So, how are you dealing with this unrelenting stream of shit? My Twitter stream has almost ceased to mention anything if it’s not related to coronavirus, social isolation, lots and lots of dead people, crap policing and clapping for the NHS. Last weekend, there was a brief break in the Twitter weather and there was a lot of silliness, #Caturday posts, hashtag games and all sorts of other nonsense but that seems to have passed and we’re now back to Angry Twitter and nothing does anger quite as unremittingly as Twitter after a couple of weeks of confinement.

Anger can be a useful emotion. It can be a driver for necessary change, and God knows we need that. The thing is I don’t have room for anger right now, I’m too busy dealing with fear and trying to avoid despair. I saw a couple of posts yesterday, this one from Siena Rodgers:

…and another from Carole Cadwallader:

…and to be honest, I don’t find either of them helpful right now. The former implies that anyone who doesn’t feel the same as she does just doesn’t understand what is going on or is somehow a moral failure. The latter thinks we’re just lazy.

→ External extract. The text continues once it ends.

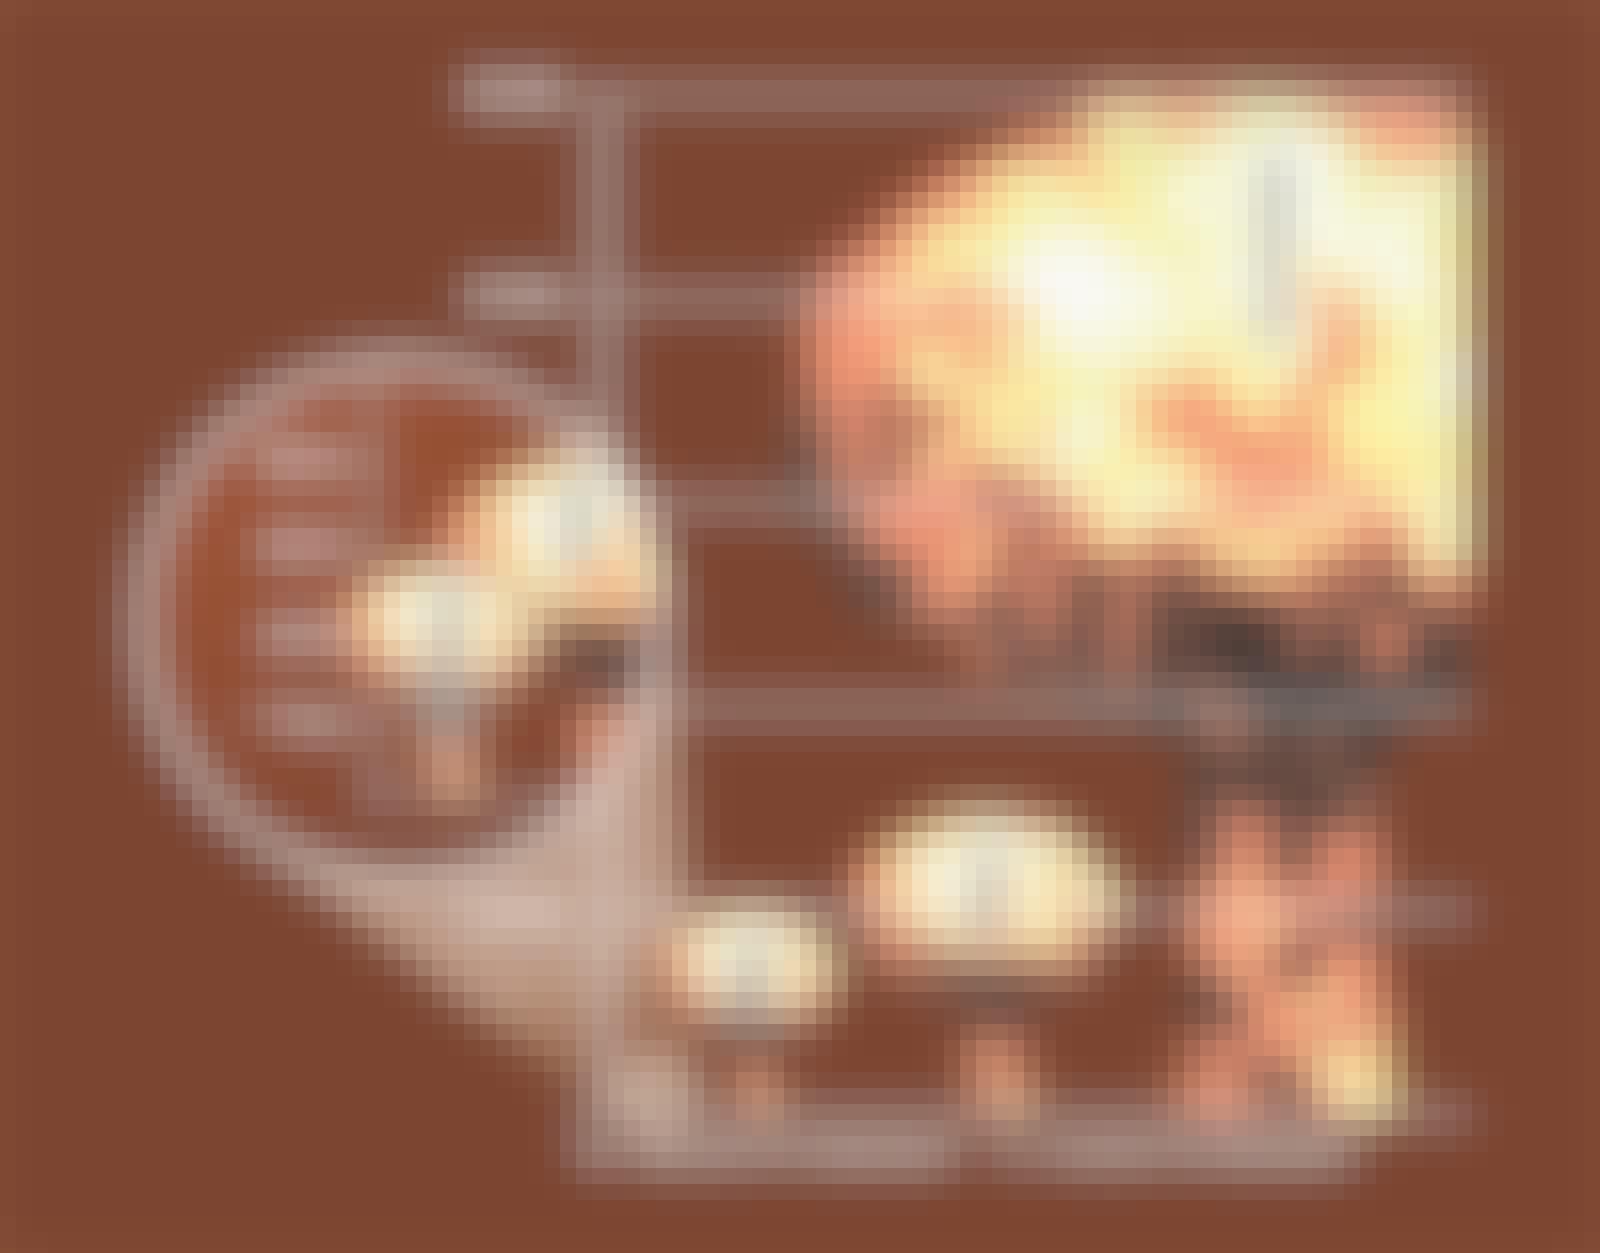 Zar-bomben i forhold til andre bomber

We’re not. For the most part, we’re terrified, or we’re anxious for the safety of ourselves, our friends and family, or we’re confused or we’re just fed up because we’ve been stuck indoors for what feels like months when spring has finally decided to show up. It’s a really bad idea at the best of times to tell people how to feel, or to dismiss someone who doesn’t feel the same way as you do as lazy or inattentive.

It’s not that I’m content with the way our government has dealt with things, or with the way some of the media has held them to account on our behalf. I’m really not that impressed with the parliamentarians who haven’t done that much to do their job either. However, I just don’t have the bandwidth for it. I have been indoors shielding from this sodding virus for almost two weeks now. I can’t go for a run – which would be my usual mechanism for dealing with stress or distress – because even if social distancing measures were relaxed, I could still contract the virus and end up in Addie’s or Papworth.

There is nothing I can do to change our government’s woeful lack of preparedness for this emergency. I’m not going to get angry about that. There is nothing I can do to ensure that the NHS, the people working in social care, driving buses, delivering food, working in supermarkets, or fulfilling any of the hundred other vital roles in our society get the PPE they need right now and I’m not going to feel guilty about that. I am going to remain grateful that they are there. I will certainly make sure that I don’t forget the work they have done in extraordinarily difficult circumstances when I next come to vote.

And I need to remember not to allow my resentment at being told how to feel by people who don’t know me nor even know that I exist turn into anger at them. Life’s too fucking short as it is.

*Women can be angry too. I only borrowed the title for a blogpost.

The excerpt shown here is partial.